By being conscious of these thoughts, you can work towards better avoiding these missteps or coping with them should they arise.
The Twelve Gifts Of Life Recovery
A successful recovery can bring not only sobriety, but also a more positive and fulfilling life. Here you’ll find twelve potential “gifts” or positive outcomes. These could occur as you overcome the damaging behaviors of addiction and move into a new and sober life informed by the Word of God. Each gift is followed by one to two passages of Scripture.
These provide you with examples of positive goals or mindsets which you can integrate into your recovery plan.
Breaking It Down
As recovery is a journey, a person’s experiences and needs may change. If you take a minute and look at your recovery, chances are, what you’re facing now is in some way different from your life a year, a month, or even a week ago. On the other hand, in certain cases you might still be struggling with the same things. This is normal. Maybe you need a renewed approach. The Life Recovery Bible gives countless options of recovery-based biblical principles to address these needs in a new and spiritual light.

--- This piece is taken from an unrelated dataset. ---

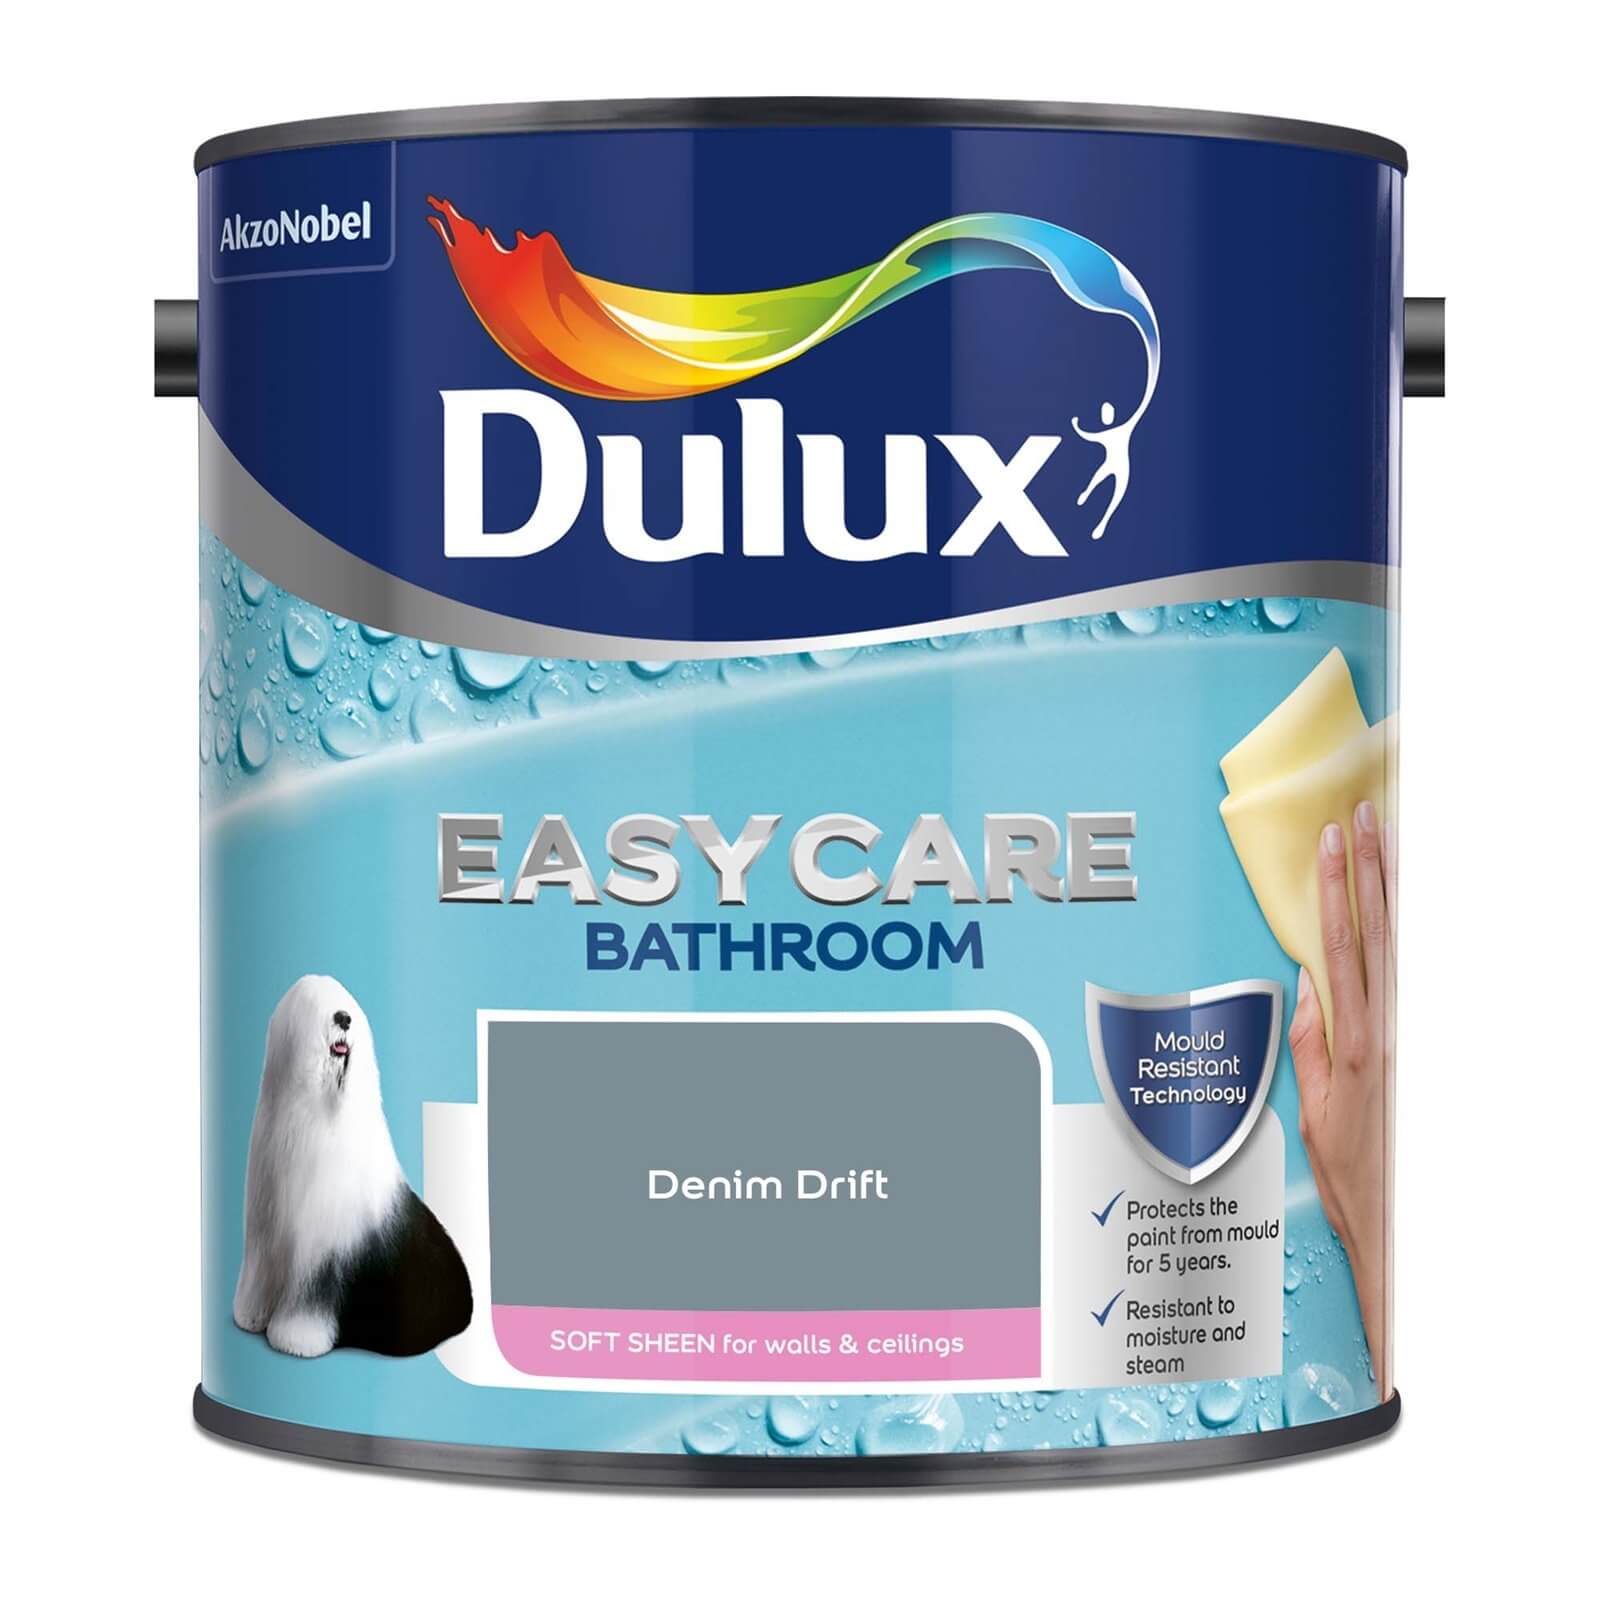 Dulux Easycare Bathroom Denim Drift Soft Sheen Paint - 2.5L

A newly recovered person faces different concerns than an individual in recovery for 20 years. However, at the same time, there are many facets of recovery which are consistent throughout. The following materials make it easier to understand each book in relation to these circumstances. This way, you can better ensure that the Scripture you study is relevant to your unique recovery needs.
Understanding The Basics
Each book of the bible is enhanced by several useful and easy-to-use features and is preceded by the following:
- Book Introductions—offer a basic explanation of the book’s content and themes with an emphasis on how these elements are integrated into recovery.
- The Big Picture—is located vertically down the lefthand side of the page and presents a simple and concise outline of the book’s subject matter.
- The Bottom Line—is located at the bottom of the page, beneath a horizontal line. This section presents a historical context for the book. To do this, it briefly outlines the following focal points: purpose, author, audience, date written, settings, key verse, and key people and relationships.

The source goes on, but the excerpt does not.